• GIVEN DATA
---*---

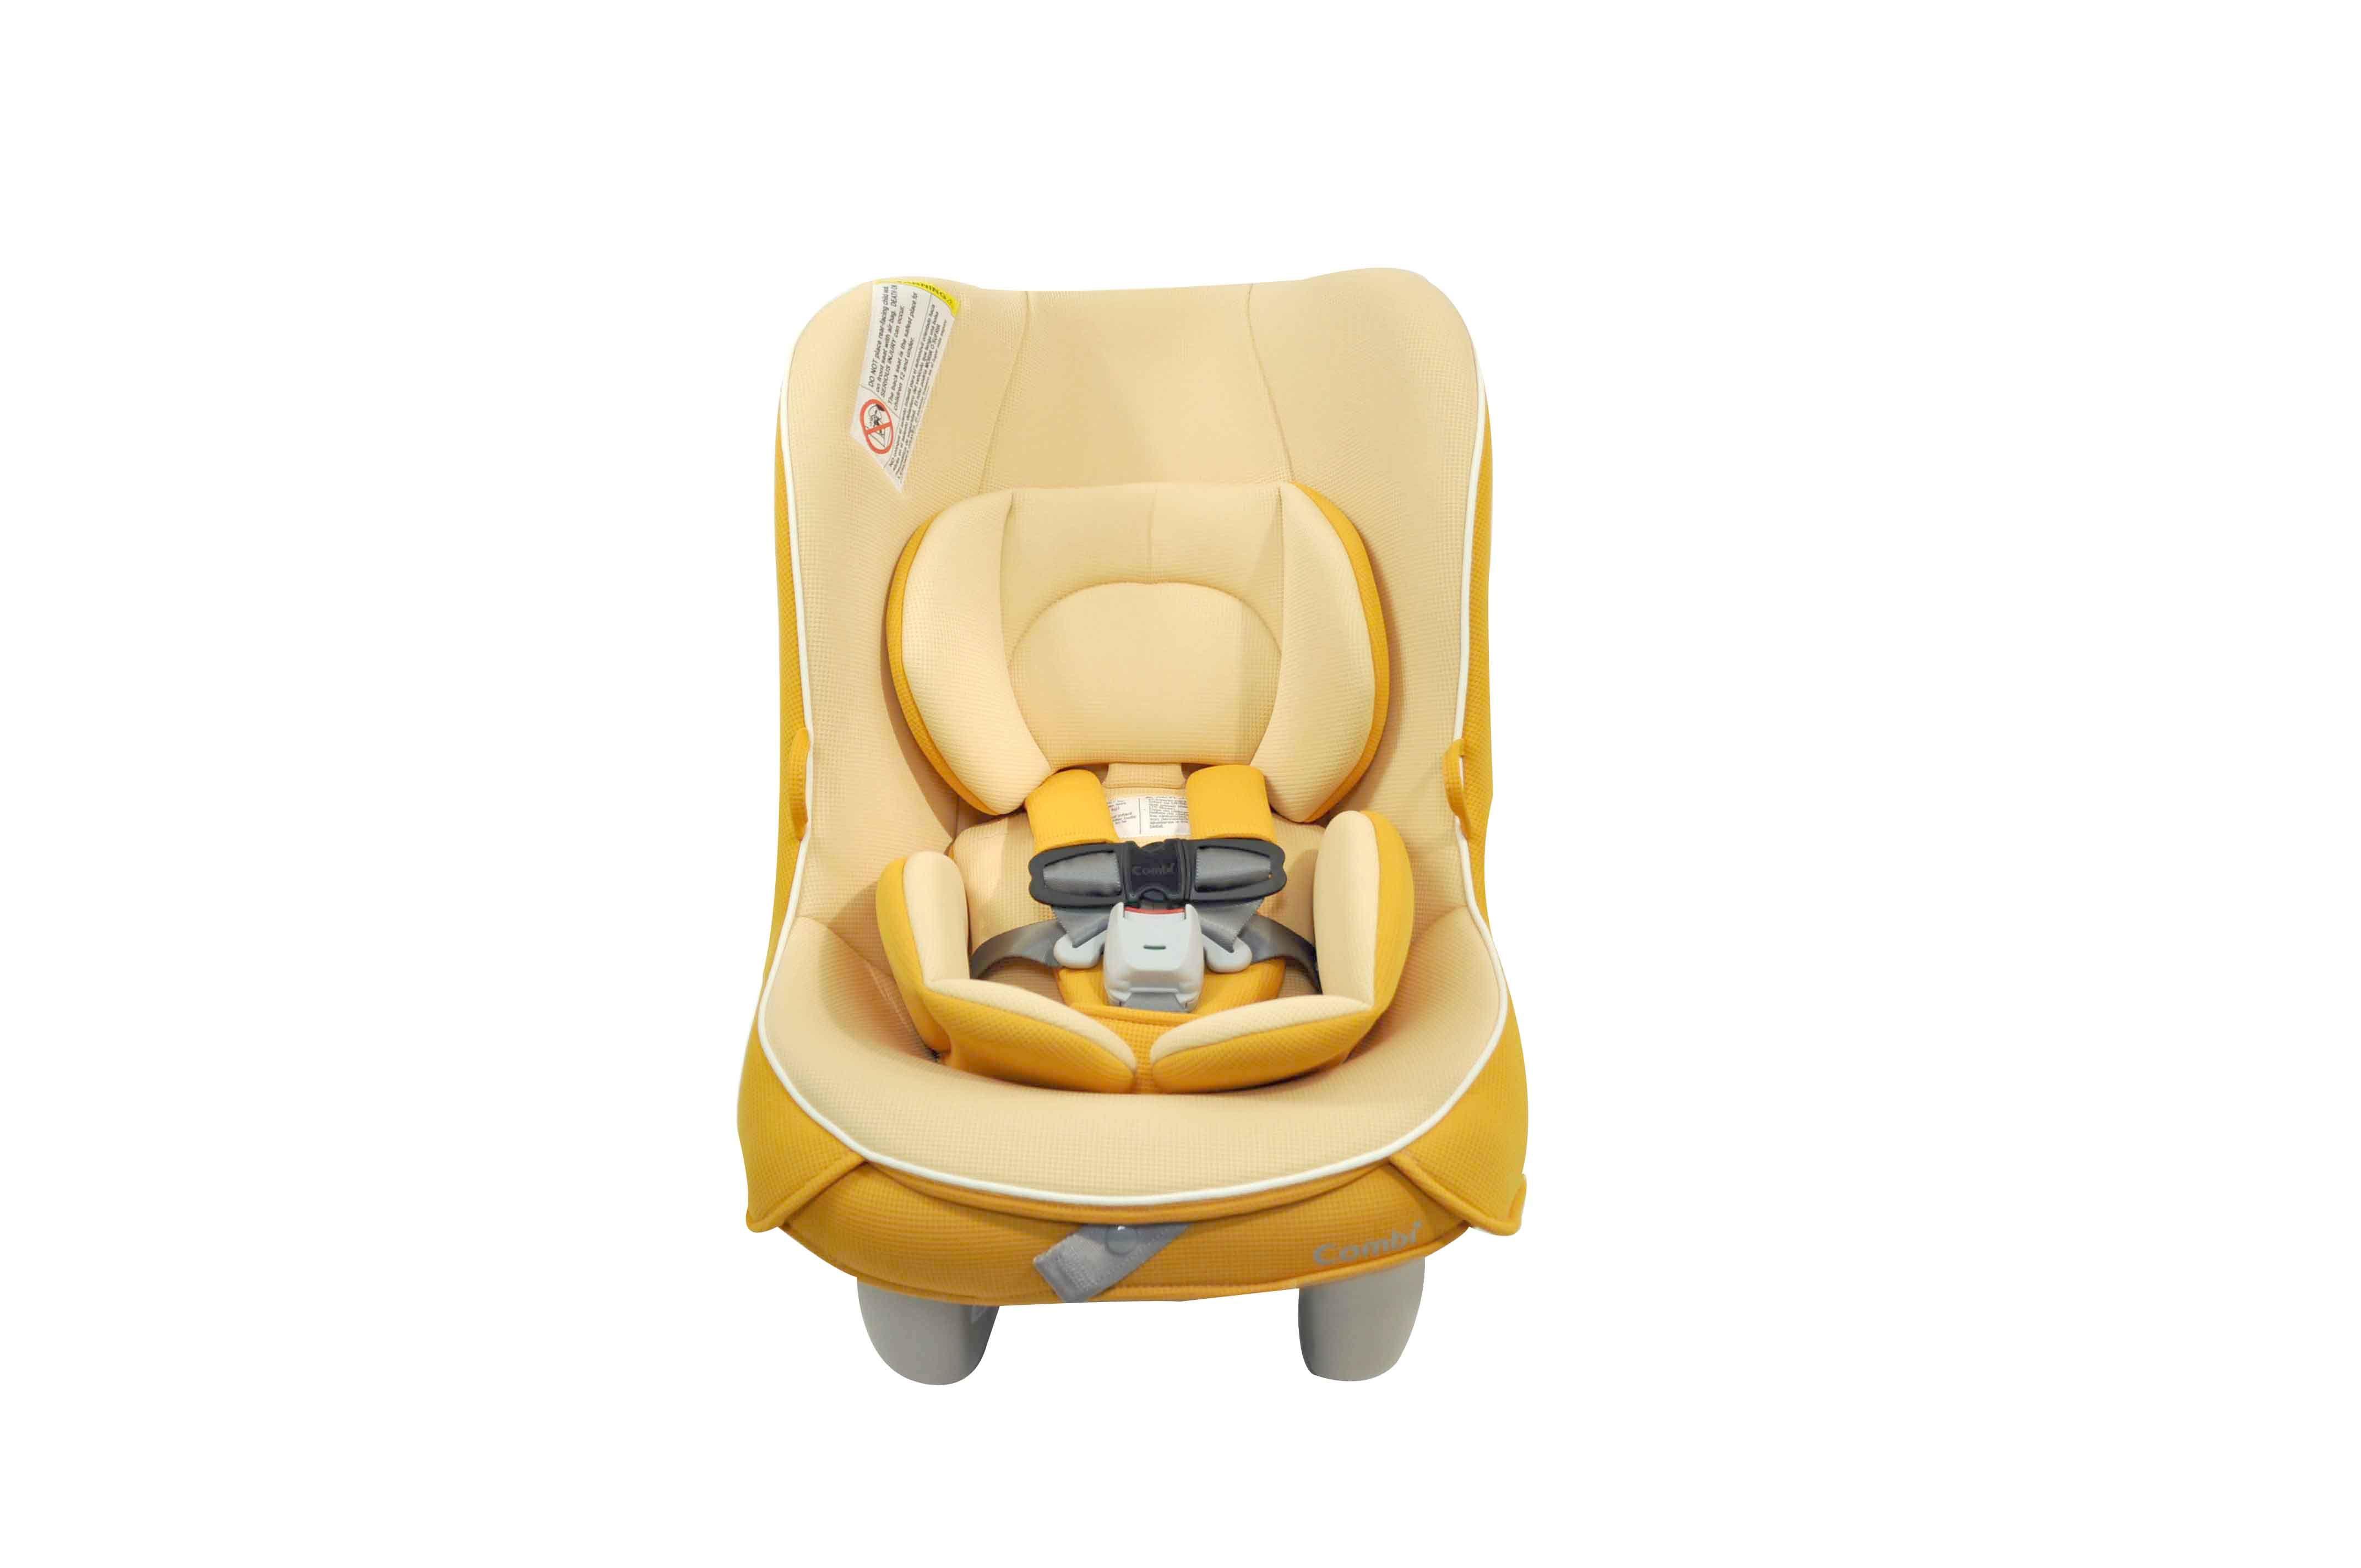 Car Seats The Combi Coccoro In Carrot Cake
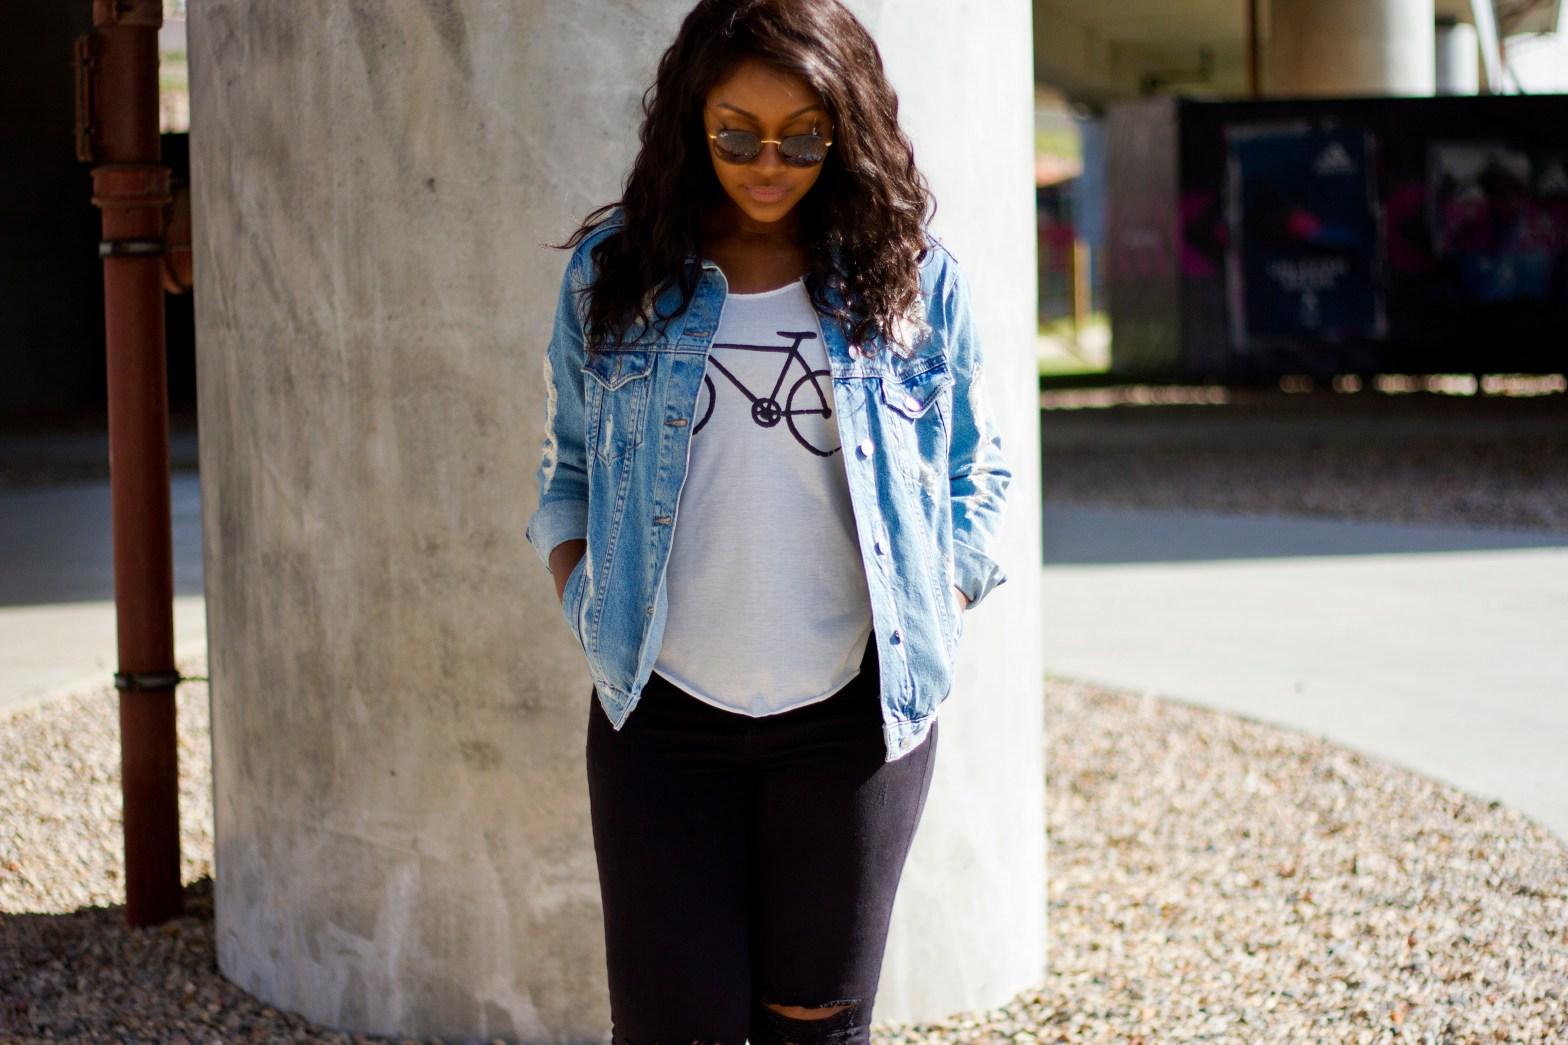 raychel-says-new-beginings-denim-jacket-white-top-black-jeans-converse
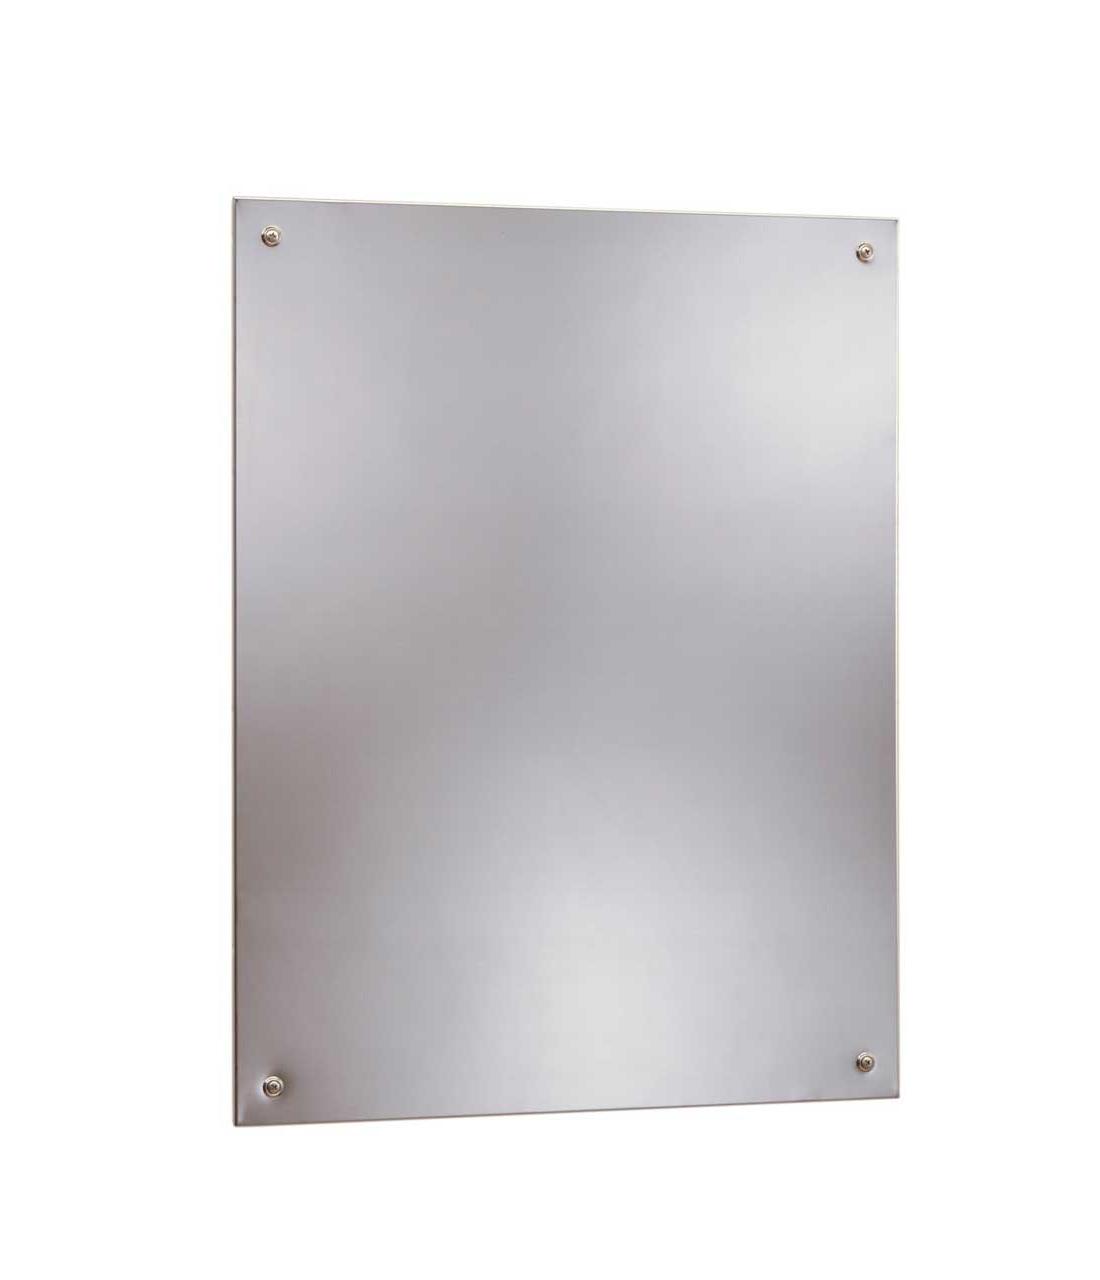 Interior Wall Mirror Full Length Frameless Frameless Full With Regard To Wall Mirror Without Frame (Image 6 of 15)

---*---

Retype all of the listing above exactly, but keep its pictures out.

 Car Seats The Combi Coccoro In Carrot Cake
 raychel-says-new-beginings-denim-jacket-white-top-black-jeans-converse
 Interior Wall Mirror Full Length Frameless Frameless Full With Regard To Wall Mirror Without Frame (Image 6 of 15)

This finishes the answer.